What is expected
After locating the line that contains "dating slingerland drums număr de serie)" in the material below, copy that line and each one following it, exactly, up to the last line. Pictures stay out.

Information provided
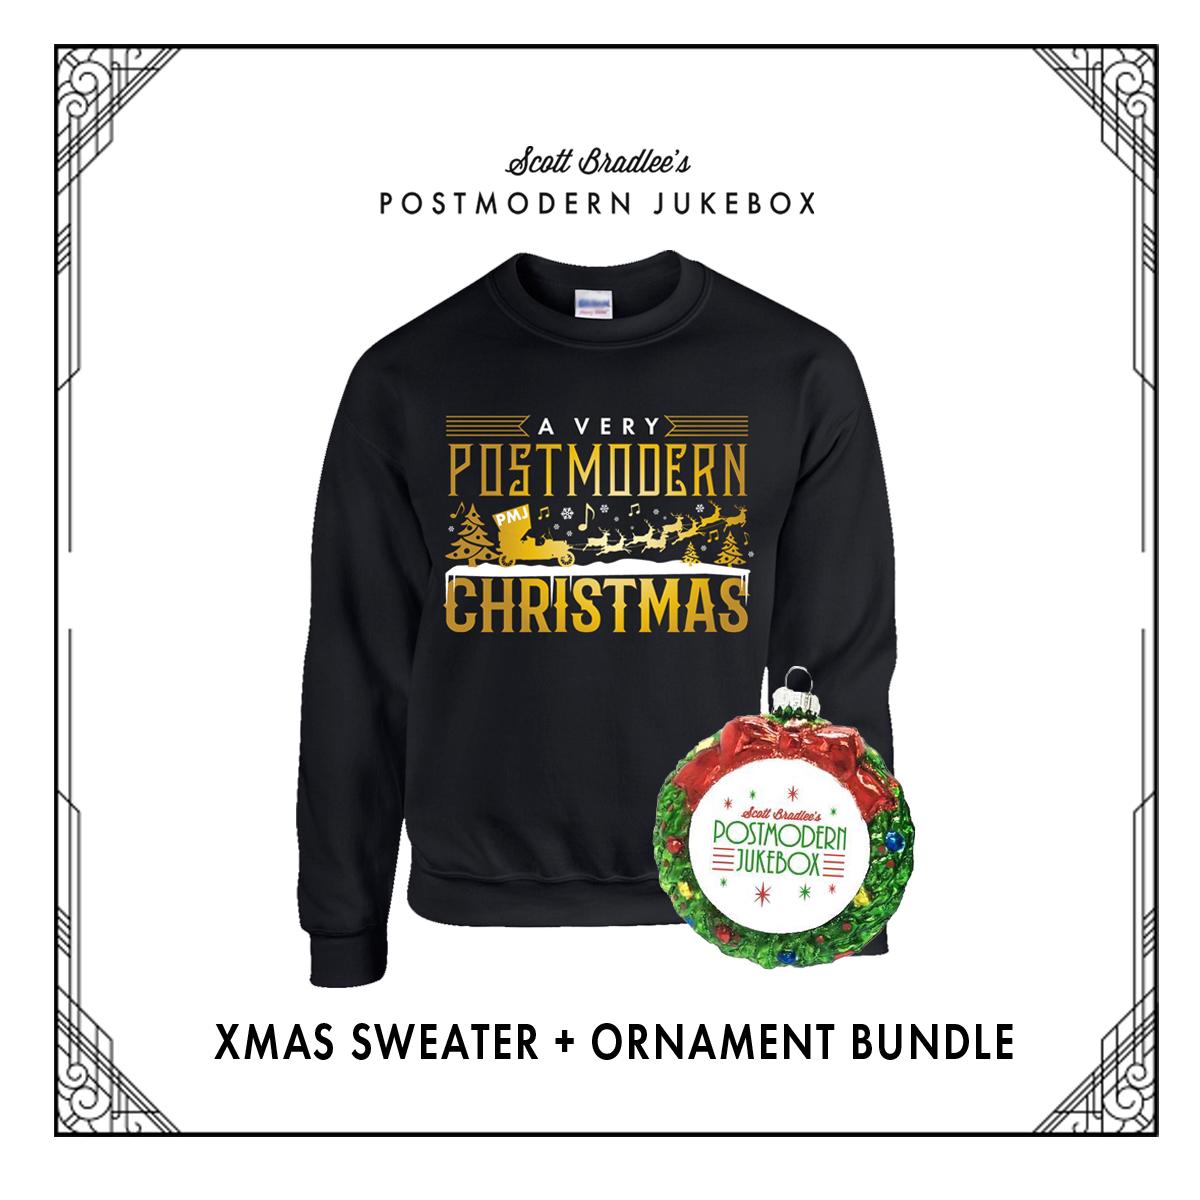 Xmas Sweater & Ornament Bundle
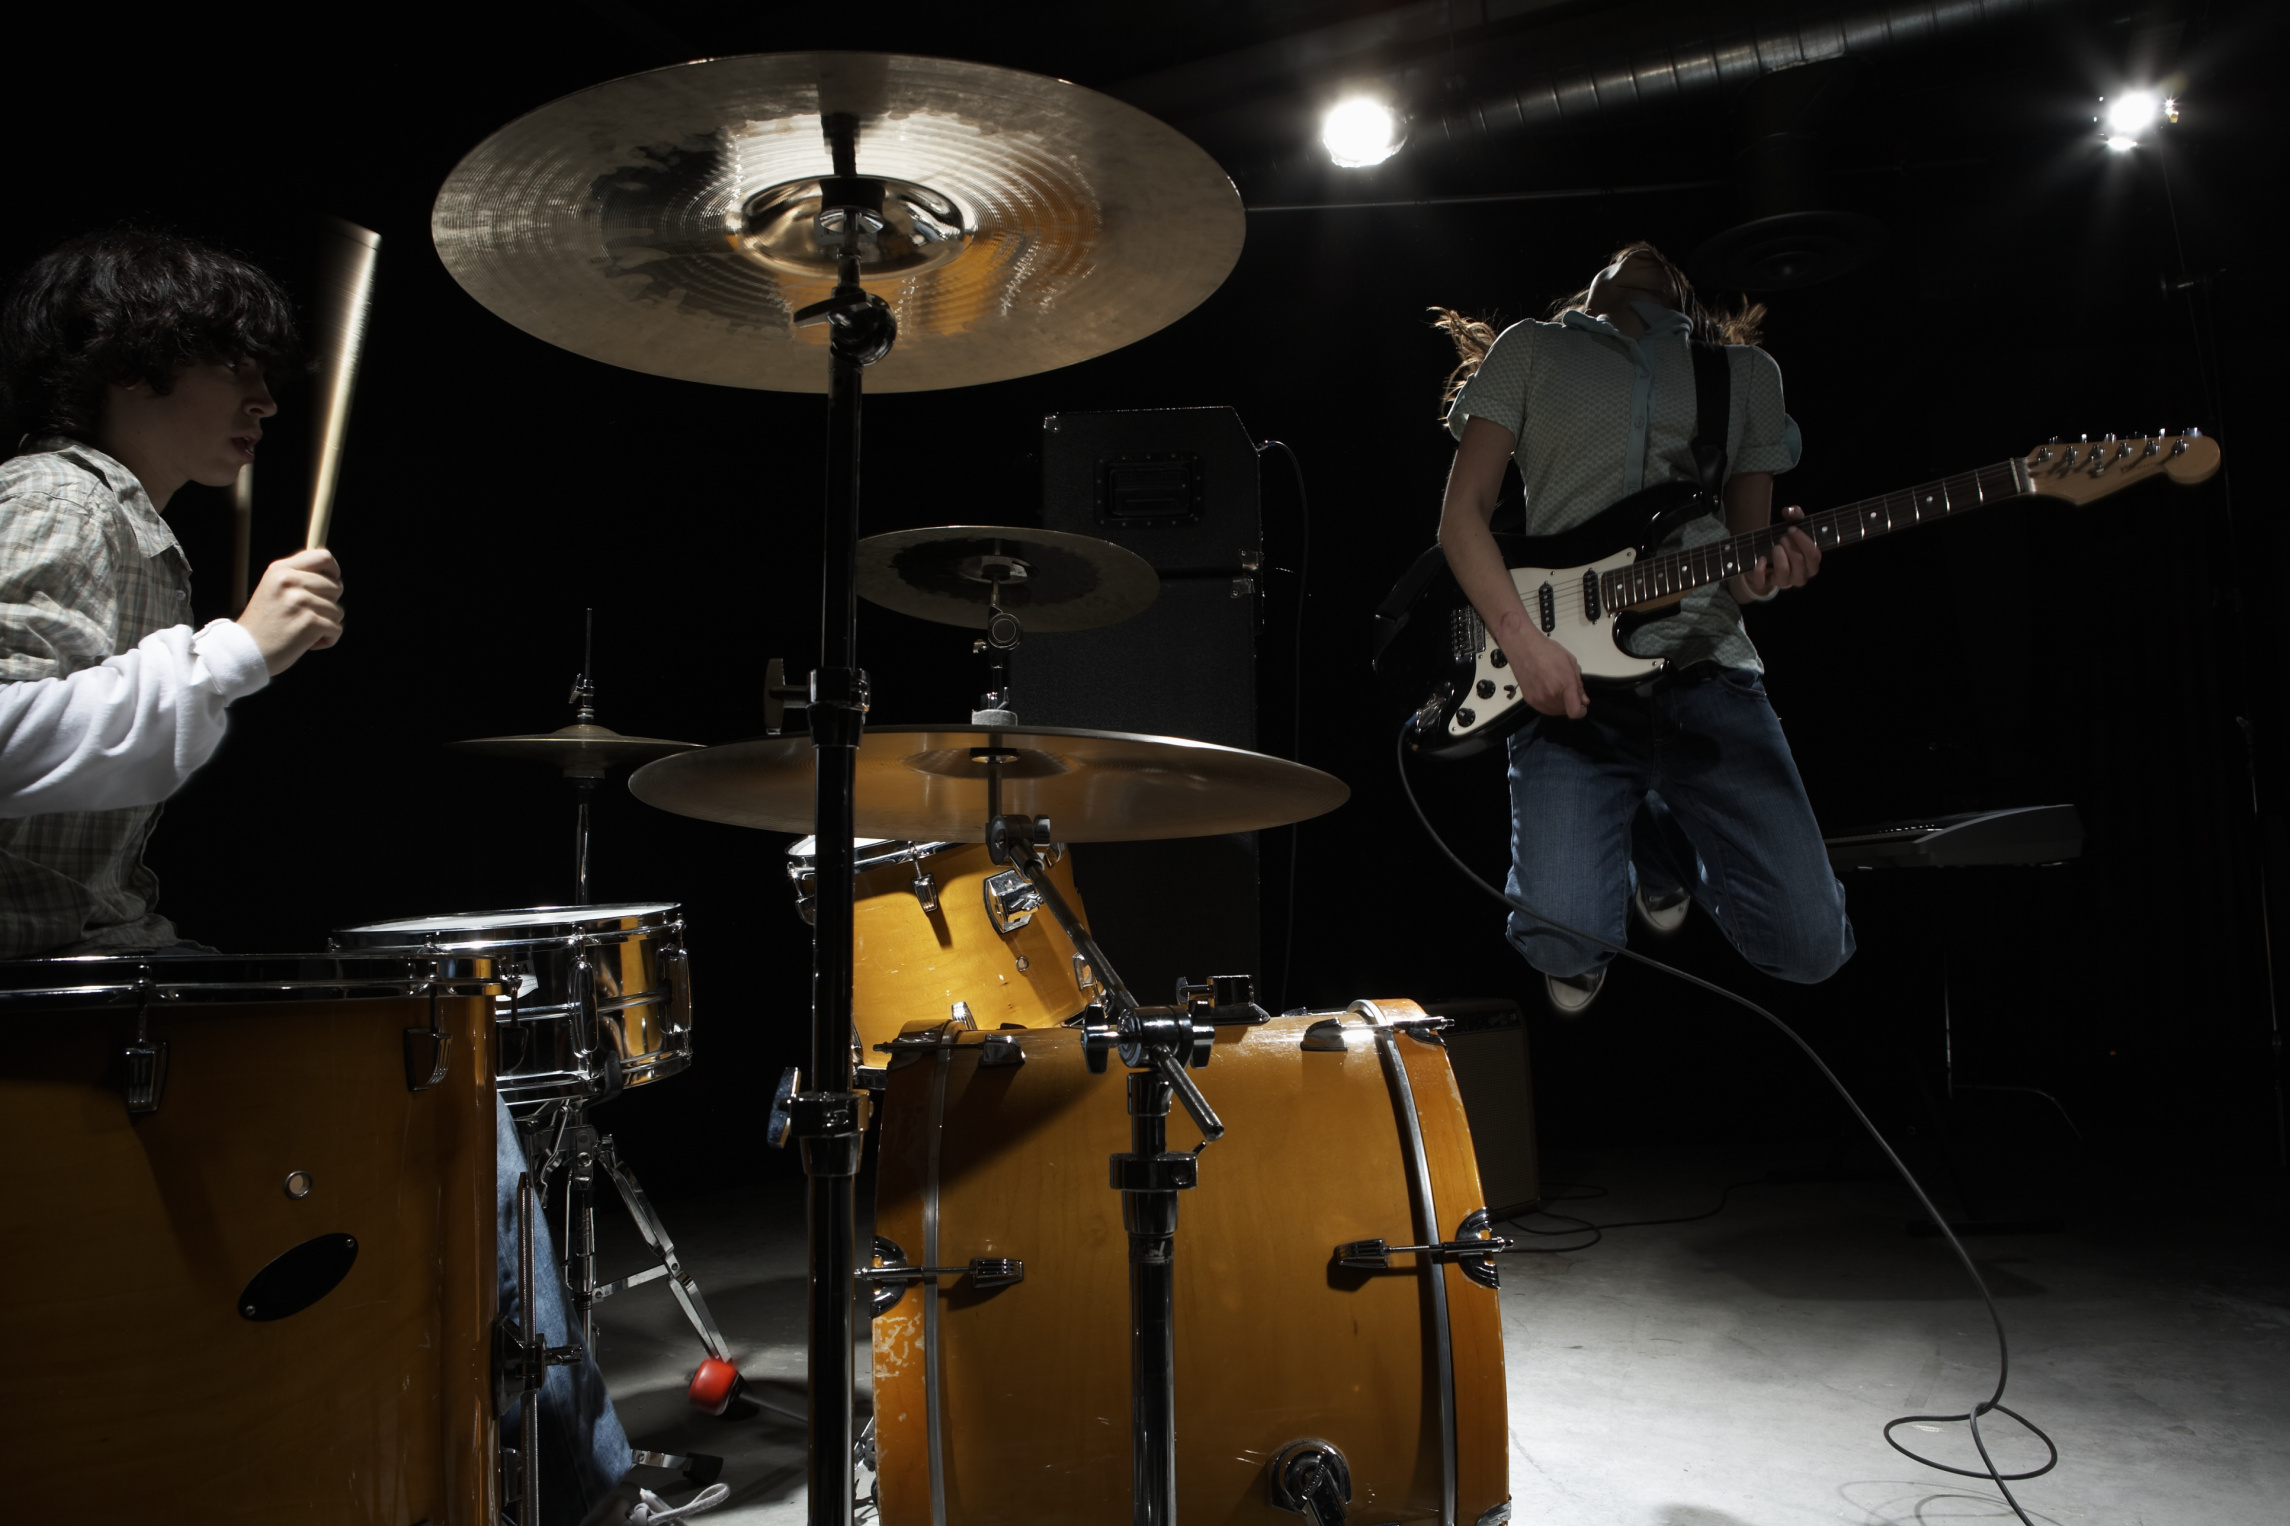 dating slingerland drums număr de serie)
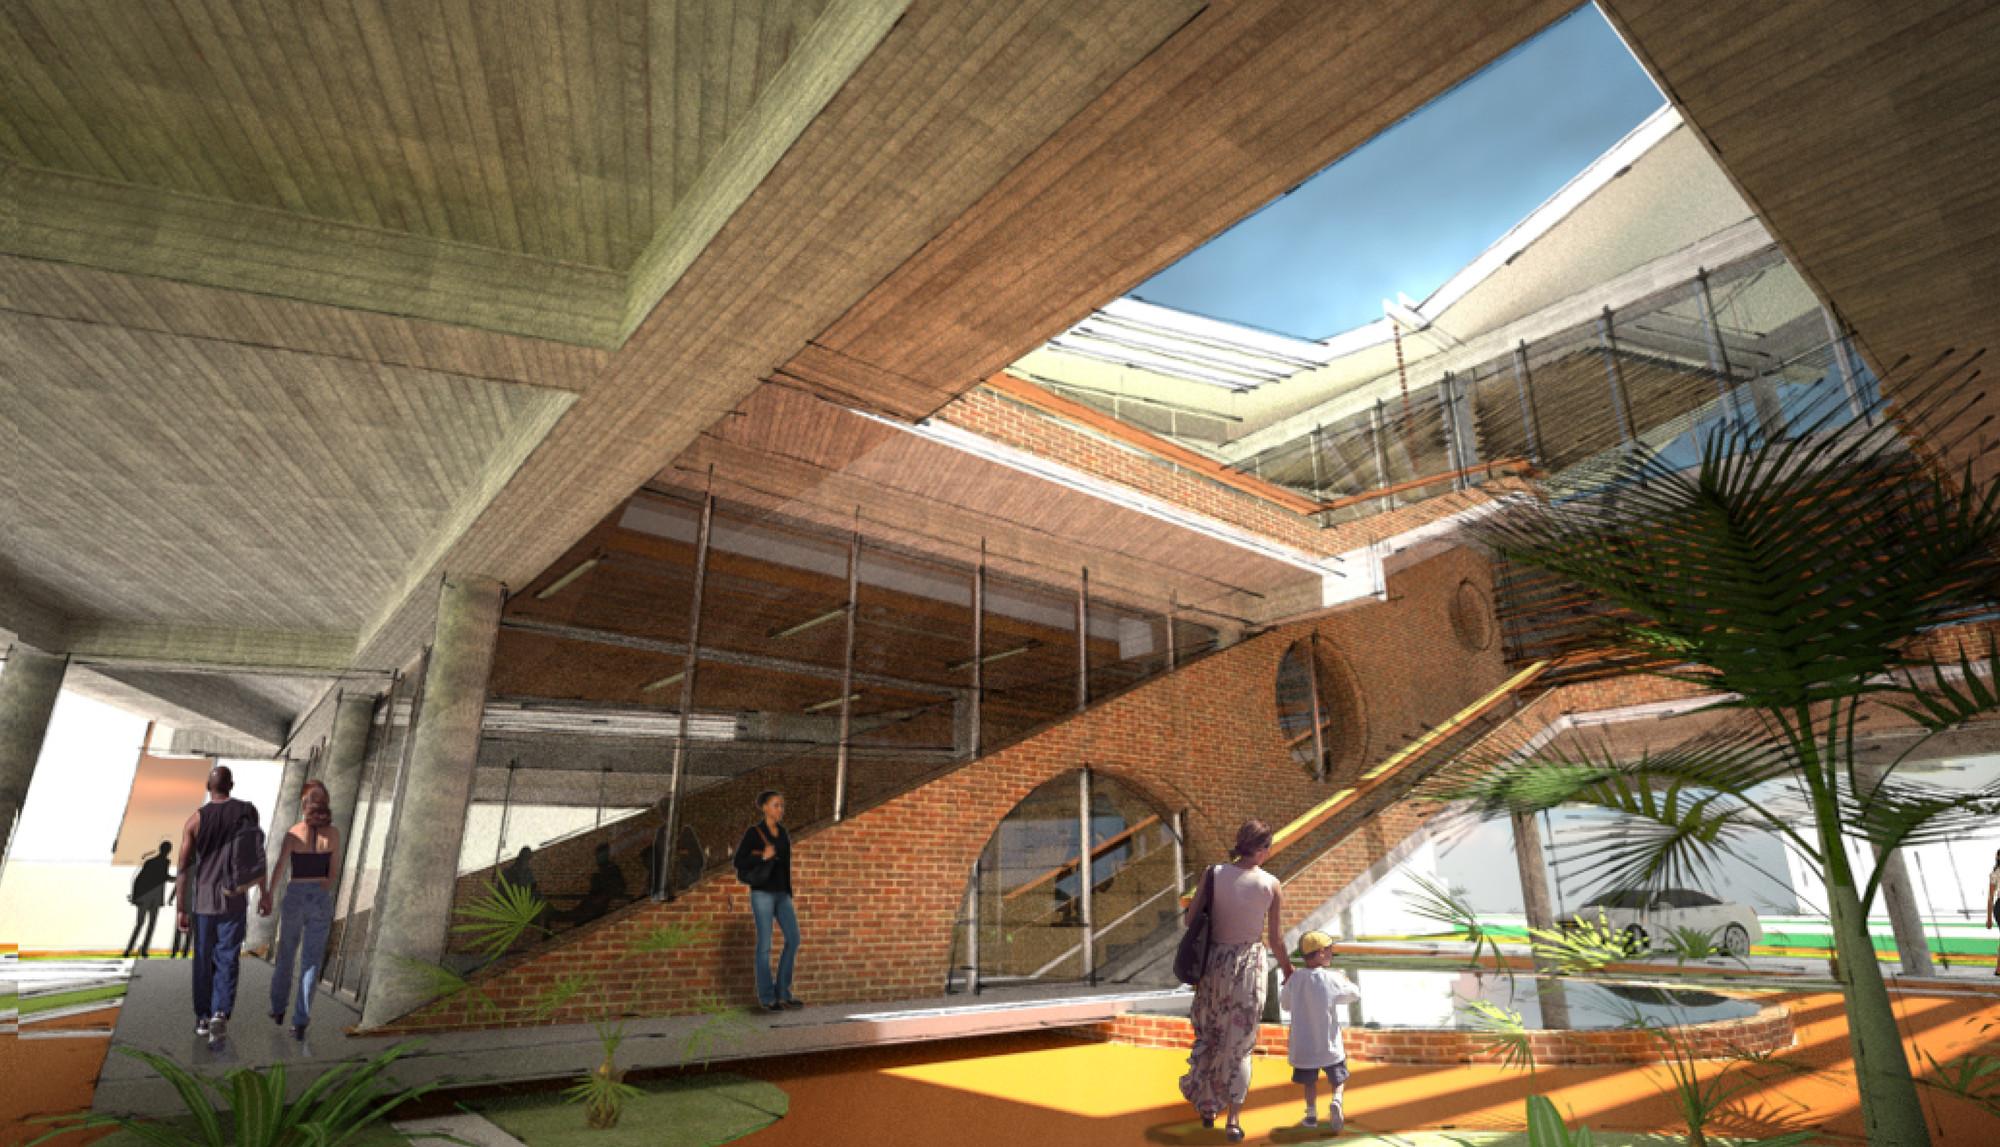 NLÉ Wins Competition to Design Financial Headquarters in Lagos, Atrium Ground Floor. Image © NLÉ

The completed task
 dating slingerland drums număr de serie)
 NLÉ Wins Competition to Design Financial Headquarters in Lagos, Atrium Ground Floor. Image © NLÉ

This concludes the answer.